Western medicine is based on an allopathic paradigm that includes three fundamental assumptions. First, deviations from the norm are manifestations of an underlying pathology. Second, treatment should eliminate or reduce the symptoms and the underlying pathology. And third, health is the restoration of the prior norm. For example, when we donʼt feel well, we go to our doctor, who takes our temperature, orders blood tests, listens to our heart and lungs, and compares the resulting information to a norm based on thousands of other people. If our measurements fall within a certain range of that norm, we are considered normal, healthy. But if our measurements deviate too far from the norm, we are deemed abnormal, unhealthy, and the doctor suggests a course of treatment designed to bring our measurements back to normal and restore our health.
Mainstream psychology also follows this allopathic model. If peopleʼs behavior or experiences are too far from the norm, they are considered deviant or “sick.” Subsequently, a course of treatment is recommended to modify their behavior, normalizing them and making them healthy. I call diagnosing deviations from the norm as manifestations of an underlying illness or pathology to be eliminated “allopathic thinking.”

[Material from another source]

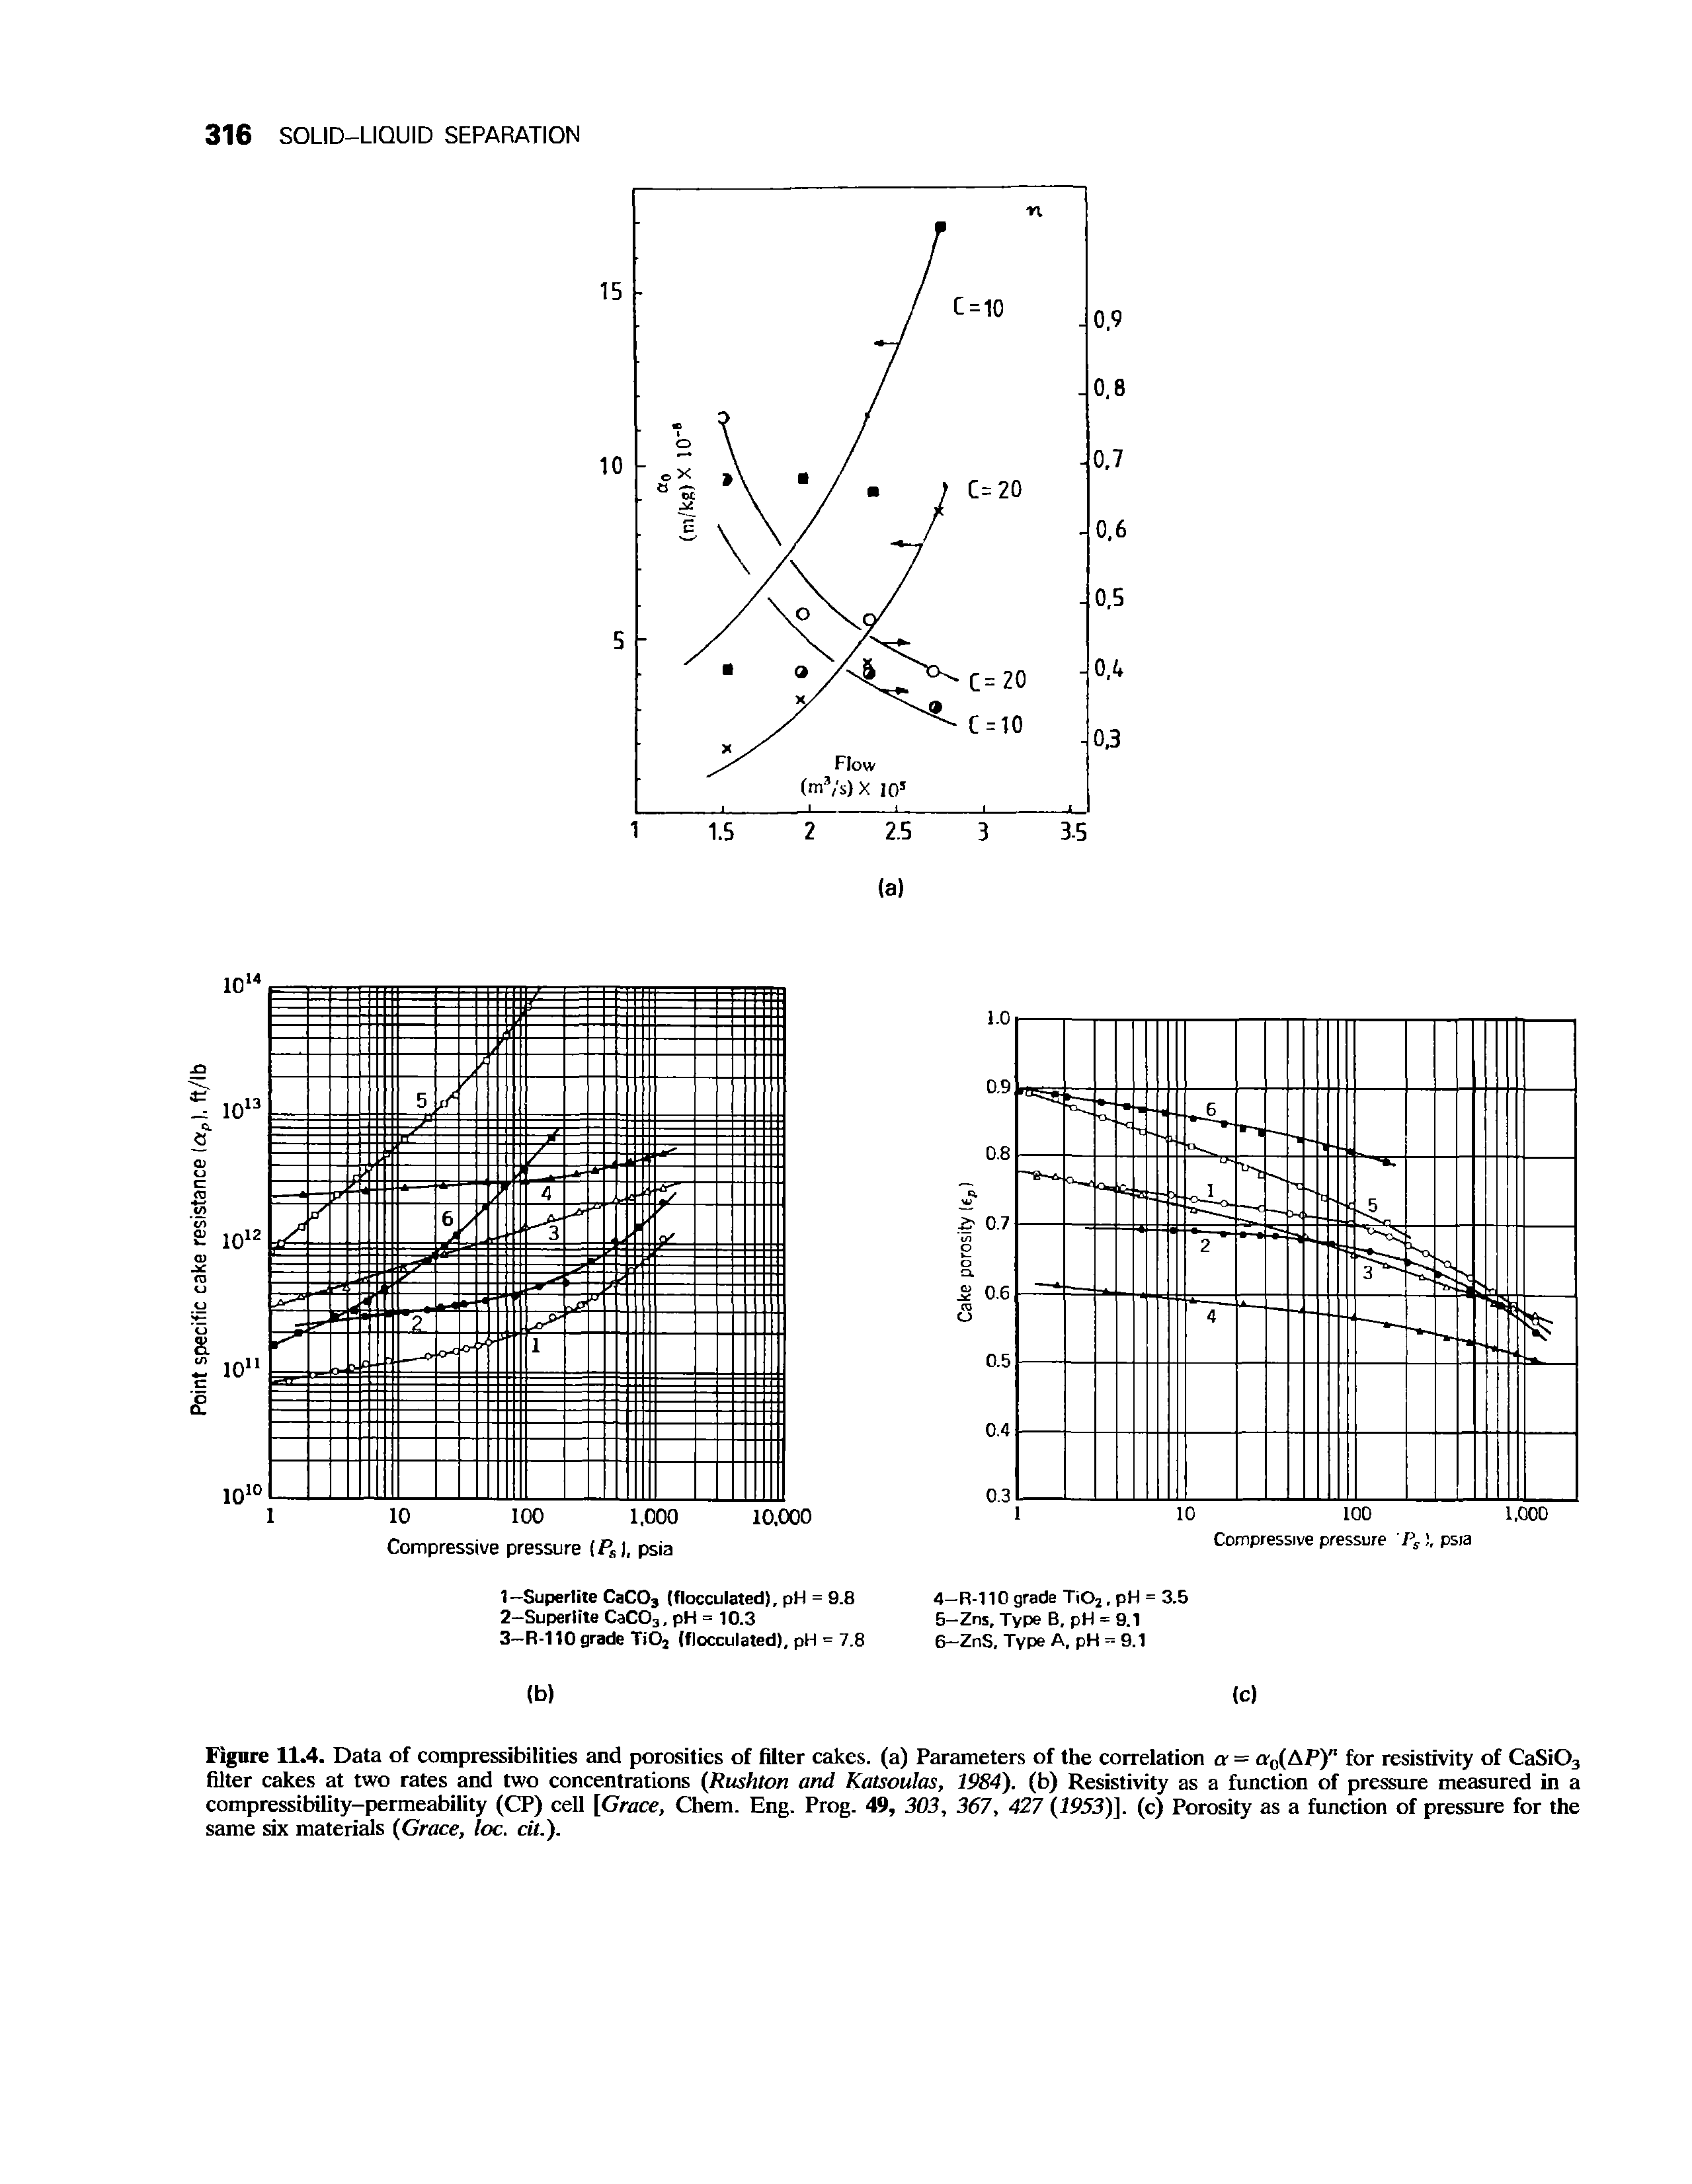 Figure 11.4. Data of compressibilities and porosities of filter cakes, (a) Parameters of the correlation a = a0(hP)n for resistivity of CaSi03 filter cakes at two rates and two concentrations (Rushton and Katsoulas, 1984). (b) Resistivity as a function of pressure measured in a compressibility-permeability (CP) cell [Grace, Chem. Eng. Prog. 49, 303, 367, 427 (1953)]. (c) Porosity as a function of pressure for the same six materials (Grace, loc. tit.).

However, with regard to psychology allopathic thinking is often fallacious thinking. This fallacious thinking results in labeling and treating “disturbing” people or groups as sick in order to relegate them to the margins of society, dismiss their protests, constrain their individual development, or coerce them to feel and act in ways that are more acceptable. I call this dynamic “pathologizing” people. This is the kind of thinking that Dr. Phil engaged in as he set out to counsel a woman about her relationship with her husband. In so doing, he taught her and his millions of viewers to diagnose and treat themselves and others similarly.
By contrast, process-oriented psychology resists assuming people whose behavior departs from the norm have an underlying illness. It teaches us to see such behavior as having meaning that can enlighten us about its motivation and help us view our process of development and individuation with respect and trust. It further teaches us to treat the unknown with curiosity, to nurture seeds of change, and to appreciate diversity inside and all around us. While equating health with the norm can be helpful in making diagnoses and maintaining harmony, it can also turn psychology into the practice of norm enforcement, pathologizing ourselves and others to serve these ends. In short, psychology can “make us sick.”